You live near Dubrovnik, but you often travel to Prague. Are Croatians and Czechs very different? And why is Dalmatia so attractive for Czech tourists?

The “near Dubrovnik” is very significant: we live at the village, where my husband was born – a very traditional, conservative and rural environment. And, you know, I used to be a city girl, so when I got asked to go collect the eggs from the henhouse or to pluck a wild quail, I panicked. At my readings for Czech tourists during the summer, I often say, that we love Croats and Dalmatians because we get mislead by our similarities – our languages are similar, as is our sense of humour, we share the same experience with communism. But try to come here off season and stay several months: you will see that Dalmatia is so mysterious and distant from us like, say, Iran. You’ll get shocked every day, in the most positive and the most negative way, and at the end you will either run or stay. I stayed: I feel connected to the sea and to the people, who are both irritating and authentic, over-traditional and brotherly, complicated and cheerful. I like the slower pace of life in Dubrovnik. In fact, one is kind of required to slow down here, as being a workaholic is considered rude and inappropriate. You are required to have time for life – be it family parties or staring at the sea out of your fishing boat.

Any tips prior to the season?

If you take the A1 Croatian highway to get to Dalmatia, stop by the yellow Tifon gas station and buy the Adriatic Bride books. J And if you get all the way down to Dubrovnik or Pelješac, drop me an email – I love meeting my readers, and actually I like to say that I am such kind of writer who knows most of her readers personally.

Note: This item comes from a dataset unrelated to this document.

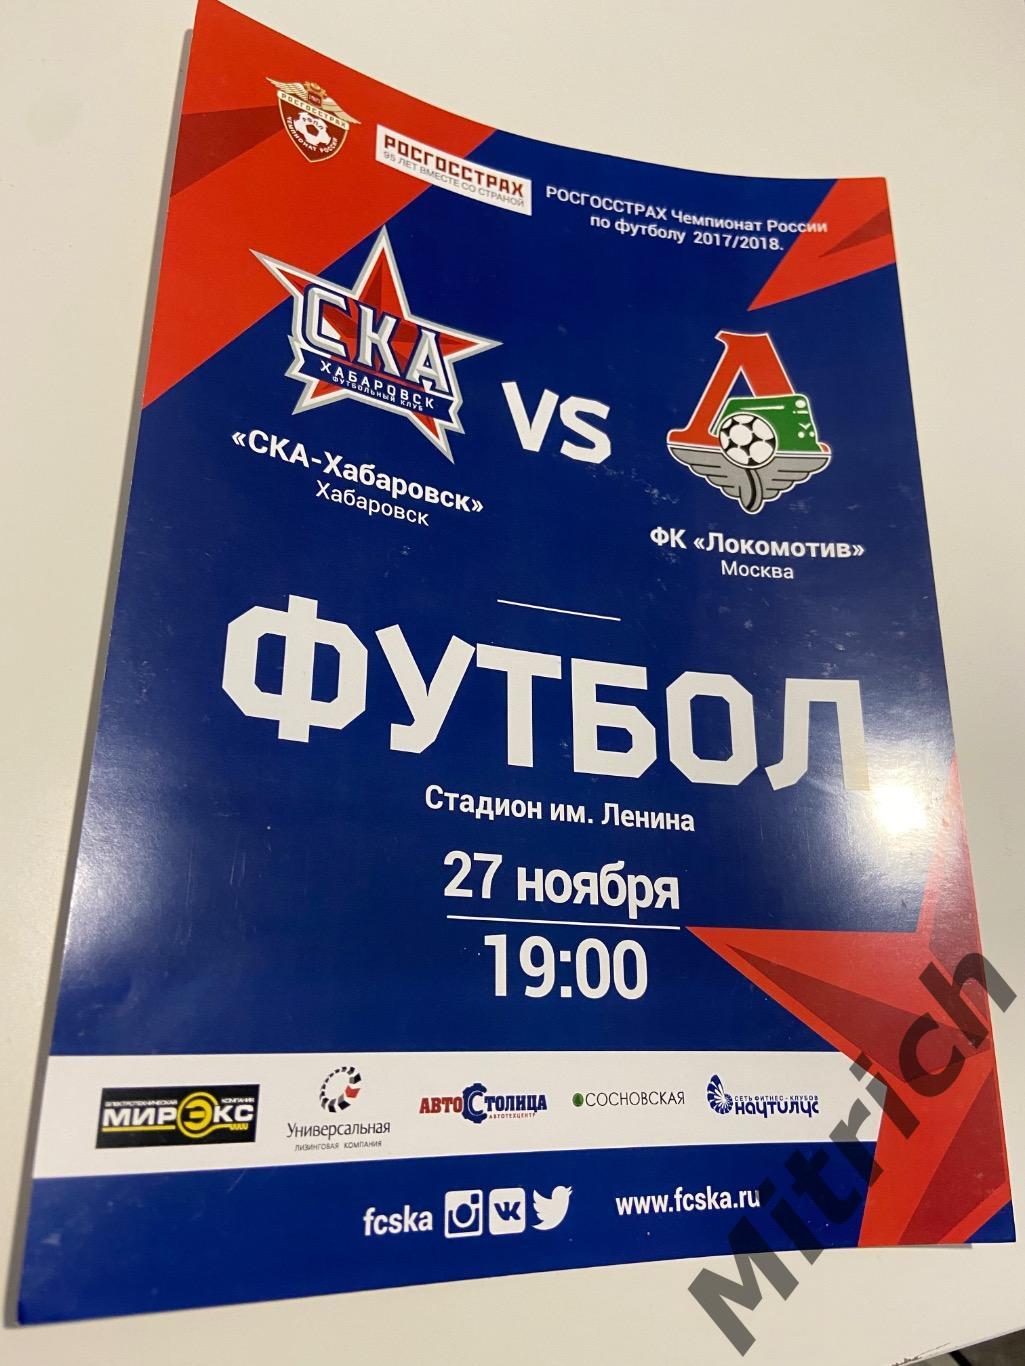 АФИША СКА Хабаровск - ФК Локомотив Москва 2017 / 2018
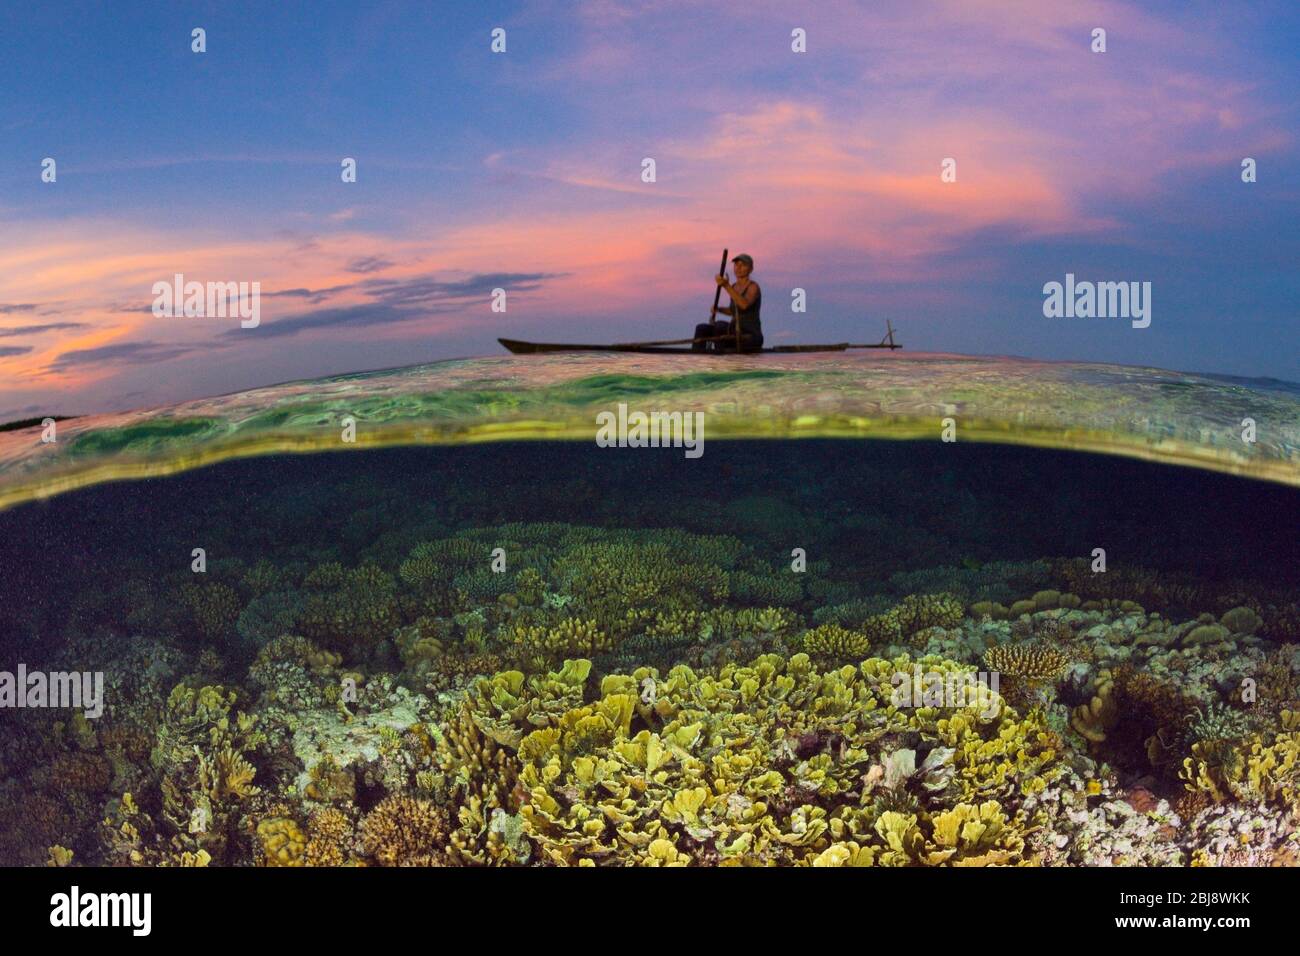 Corail Reef au Sunset, Nouvelle Irlande, Papouasie-Nouvelle-Guinée Banque D'Images

What is your next chapter?

I am the mother of two wonderful little ladies, so above all, I need to learn how to make a Dutch braid, a Lego-shaped birthday cake and to learn the lyrics of all the songs from Frozen. In the pauses, when I don’t hop between blueberry pancakes and playdough castles, I would like to finish the third part of the Adriatic Bride series and see Total Balkans sell in its English and Serbian versions.